▶ **Work item**: From the entries below, reproduce exactly the line containing "Gold Filled Women's", the line containing "Chevrolet registra el", and every line in between, with nothing added.
***
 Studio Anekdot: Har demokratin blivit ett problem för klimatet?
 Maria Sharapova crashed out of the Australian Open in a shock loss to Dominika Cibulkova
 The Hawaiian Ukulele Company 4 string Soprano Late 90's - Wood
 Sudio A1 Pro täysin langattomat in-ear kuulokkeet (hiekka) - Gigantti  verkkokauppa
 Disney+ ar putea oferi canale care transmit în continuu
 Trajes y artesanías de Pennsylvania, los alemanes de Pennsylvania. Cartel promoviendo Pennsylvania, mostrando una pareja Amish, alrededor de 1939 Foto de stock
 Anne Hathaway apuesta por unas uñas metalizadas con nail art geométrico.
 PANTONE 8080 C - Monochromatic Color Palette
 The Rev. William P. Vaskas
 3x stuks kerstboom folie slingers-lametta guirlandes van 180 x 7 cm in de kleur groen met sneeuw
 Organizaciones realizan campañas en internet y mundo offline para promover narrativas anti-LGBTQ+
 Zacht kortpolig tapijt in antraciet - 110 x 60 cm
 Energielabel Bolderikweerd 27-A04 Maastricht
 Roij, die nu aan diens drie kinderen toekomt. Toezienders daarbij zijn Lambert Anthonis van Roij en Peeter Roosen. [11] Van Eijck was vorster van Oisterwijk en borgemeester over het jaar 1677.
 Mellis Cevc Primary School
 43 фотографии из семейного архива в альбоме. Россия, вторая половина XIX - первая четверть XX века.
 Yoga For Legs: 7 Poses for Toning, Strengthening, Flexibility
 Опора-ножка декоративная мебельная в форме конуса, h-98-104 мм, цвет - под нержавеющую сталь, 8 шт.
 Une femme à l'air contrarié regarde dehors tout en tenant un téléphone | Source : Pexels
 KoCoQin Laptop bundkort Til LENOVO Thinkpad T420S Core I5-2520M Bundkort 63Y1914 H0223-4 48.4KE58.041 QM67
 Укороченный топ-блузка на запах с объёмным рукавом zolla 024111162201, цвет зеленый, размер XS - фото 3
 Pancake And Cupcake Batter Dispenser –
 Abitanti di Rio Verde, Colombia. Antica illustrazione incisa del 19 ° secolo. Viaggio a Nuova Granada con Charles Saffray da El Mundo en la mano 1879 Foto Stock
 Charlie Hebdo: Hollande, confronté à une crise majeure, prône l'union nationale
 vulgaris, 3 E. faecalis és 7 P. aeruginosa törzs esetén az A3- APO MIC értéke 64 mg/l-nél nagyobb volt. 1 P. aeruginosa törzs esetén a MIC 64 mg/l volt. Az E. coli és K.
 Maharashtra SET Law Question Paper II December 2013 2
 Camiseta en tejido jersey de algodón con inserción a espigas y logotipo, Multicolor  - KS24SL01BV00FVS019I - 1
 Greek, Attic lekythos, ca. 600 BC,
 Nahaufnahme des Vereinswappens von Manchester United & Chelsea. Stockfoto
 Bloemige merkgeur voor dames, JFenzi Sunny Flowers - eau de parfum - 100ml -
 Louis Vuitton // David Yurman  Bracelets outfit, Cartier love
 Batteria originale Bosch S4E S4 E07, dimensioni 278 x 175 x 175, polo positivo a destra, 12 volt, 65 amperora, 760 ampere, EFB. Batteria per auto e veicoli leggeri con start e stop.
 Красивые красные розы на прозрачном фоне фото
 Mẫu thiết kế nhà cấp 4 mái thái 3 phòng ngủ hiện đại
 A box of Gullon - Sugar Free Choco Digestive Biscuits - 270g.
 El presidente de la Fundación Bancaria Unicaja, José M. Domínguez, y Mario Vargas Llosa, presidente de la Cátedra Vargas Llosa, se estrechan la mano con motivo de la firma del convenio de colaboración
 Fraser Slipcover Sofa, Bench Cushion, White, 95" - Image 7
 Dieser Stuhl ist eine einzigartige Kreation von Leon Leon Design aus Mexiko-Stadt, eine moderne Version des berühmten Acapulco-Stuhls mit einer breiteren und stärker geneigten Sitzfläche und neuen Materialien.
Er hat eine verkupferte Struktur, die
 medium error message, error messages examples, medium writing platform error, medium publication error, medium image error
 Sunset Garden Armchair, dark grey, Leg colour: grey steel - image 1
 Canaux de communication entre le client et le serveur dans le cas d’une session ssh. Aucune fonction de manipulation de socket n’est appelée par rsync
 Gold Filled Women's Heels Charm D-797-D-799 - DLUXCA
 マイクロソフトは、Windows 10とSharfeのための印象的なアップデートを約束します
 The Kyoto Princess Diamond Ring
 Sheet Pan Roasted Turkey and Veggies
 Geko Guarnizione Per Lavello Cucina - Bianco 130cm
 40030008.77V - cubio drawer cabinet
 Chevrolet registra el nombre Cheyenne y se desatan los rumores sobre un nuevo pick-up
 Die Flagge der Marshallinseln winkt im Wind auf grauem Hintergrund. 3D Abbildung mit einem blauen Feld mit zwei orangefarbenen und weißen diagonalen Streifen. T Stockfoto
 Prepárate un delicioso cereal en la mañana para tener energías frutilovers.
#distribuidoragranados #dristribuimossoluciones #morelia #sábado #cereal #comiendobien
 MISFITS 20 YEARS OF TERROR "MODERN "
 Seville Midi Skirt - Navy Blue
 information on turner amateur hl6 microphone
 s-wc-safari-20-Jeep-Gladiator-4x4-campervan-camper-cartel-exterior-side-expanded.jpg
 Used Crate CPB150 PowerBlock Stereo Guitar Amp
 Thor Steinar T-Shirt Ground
***
▶ **Output for this exercise**:
 Gold Filled Women's Heels Charm D-797-D-799 - DLUXCA
 マイクロソフトは、Windows 10とSharfeのための印象的なアップデートを約束します
 The Kyoto Princess Diamond Ring
 Sheet Pan Roasted Turkey and Veggies
 Geko Guarnizione Per Lavello Cucina - Bianco 130cm
 40030008.77V - cubio drawer cabinet
 Chevrolet registra el nombre Cheyenne y se desatan los rumores sobre un nuevo pick-up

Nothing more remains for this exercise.